Fankhauser, who took over as Cook boss from Harriet Green in November, has created a smaller top management team to “take the decisions”.
This four-strong executive committee includes Fankhauser, chief financial officer Michael Healy, chief airlines and hotels officer Christoph Debus, and chief corporate officer Craig Stoehr.
Fankhauser said that Green previously had more than 20 people reporting directly to her and this structure needed to be streamlined.
He added that this did not mean that he had “cleared out people” in his first three months as chief executive, although he has removed the role of chief operating officer – a position Fankhauser held before his promotion.
Fankhauser has admitted that the company is relying on the “robust” strength of its UK division to meet profit expectations for the current financial year which runs to the end of September.
He said that the UK business was helping to offset a downturn in sales in Germany and the Nordic regions. Although sales have picked up in recent weeks.
The UK division made its highest underlying profit margin of 3.7% since 2009 during the last 12 months, which compares with a margin of 2.3% for the corresponding period in 2013-14.
But the UK still made an operating loss of £62 million in the quarter to December 31, 2014 – although this was a £7 million improvement on last year’s quarterly loss of £69 million.
Fankhauser expects this momentum in the UK to be maintained by stronger demand for long-haul holidays helped by the decision by the government to axe Air Passenger Duty for children under 12 for flights from May 1.
He added that the relaunch of Cook’s premium brand, Signature, in the UK had already seen sales increase by 20% for this summer compared with last year.
“We are seeing increasing demand for long-haul holidays as we are improving our offer in the market which is driven by our inhouse airline,” said Fankhauser.
“Customers will also have the advantage of the cutting of APD for kids – this will give us a tailwind because a family with two children will have to pay £140 less tax for their holidays.”

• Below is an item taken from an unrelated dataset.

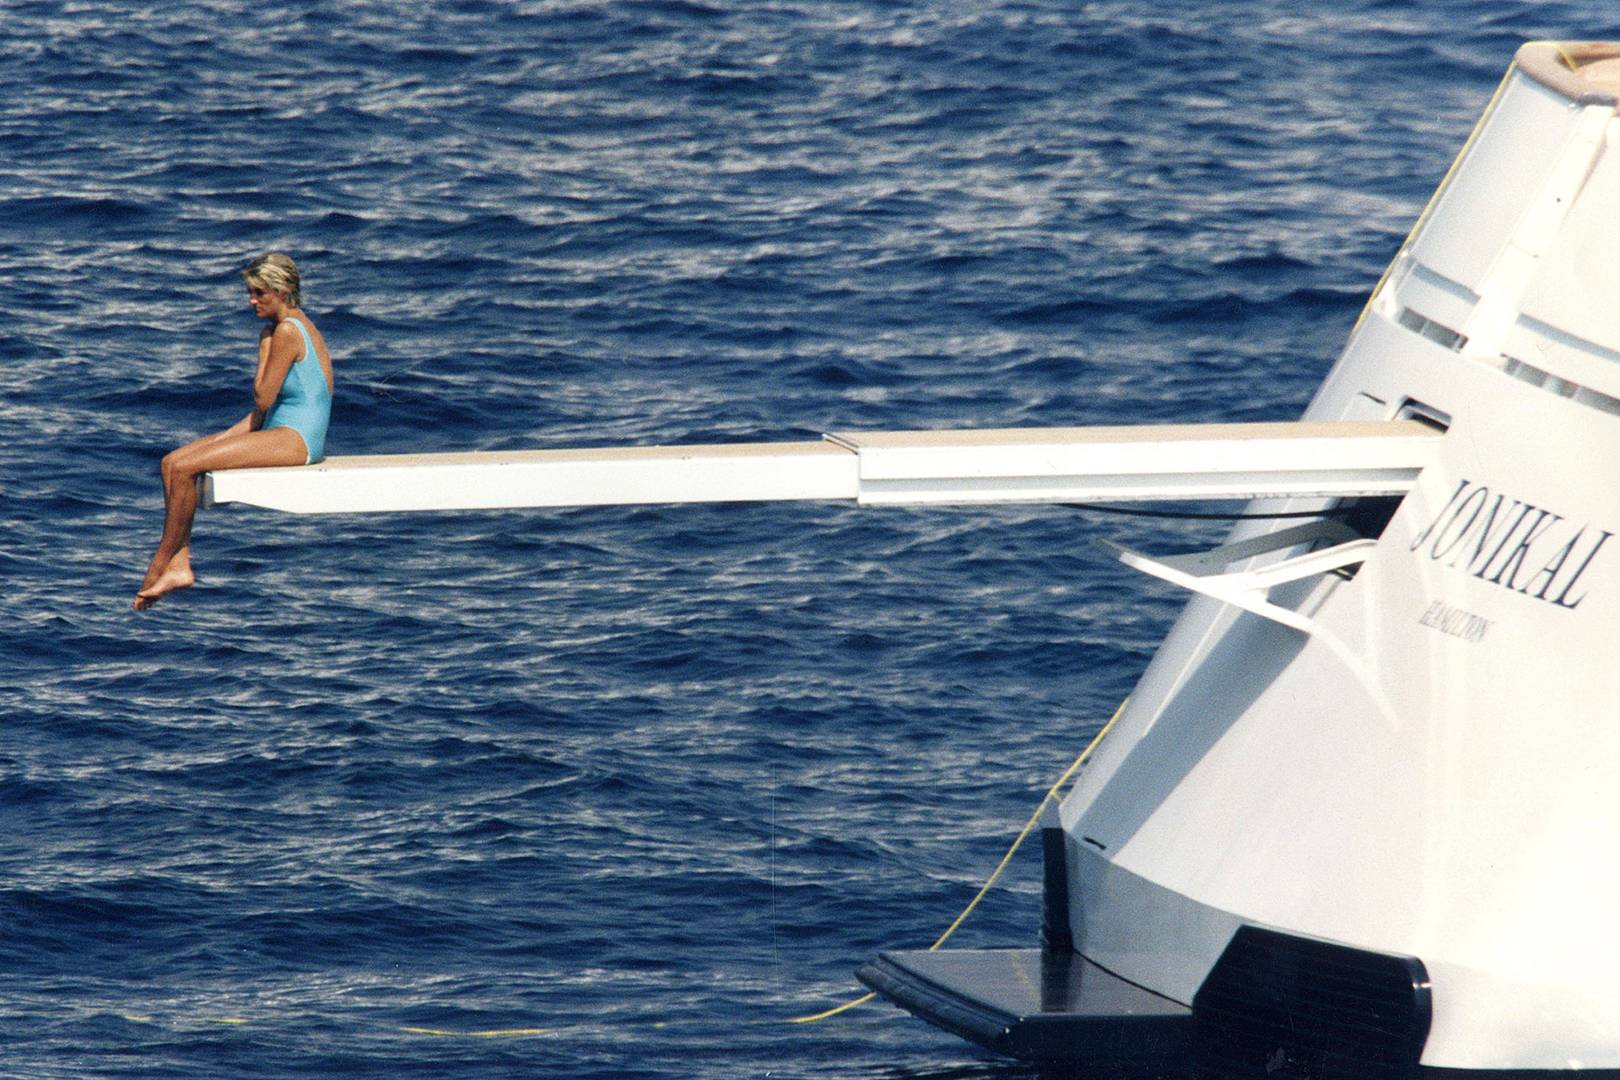 princess diana yacht 1997

Fankhauser said the three key strategies for Cook would be: improving the quality of holidays through more differentiated or exclusive resorts (such as its Sentido and Smartline brands), selling through all channels, and “running the business as efficiently as we can”.
Cook made an operating loss of £73 million for the quarter compared to a deficit of £122 million for the same period in 2014. Revenue was up by 1.6% to £1.52 billion on a “like for like” basis but was down by 8.3% overall year-on-year.
Analysts are expecting Cook to make an underlying profit of £375 million before interest and tax in 2015, compared with a profit of £323 million last year.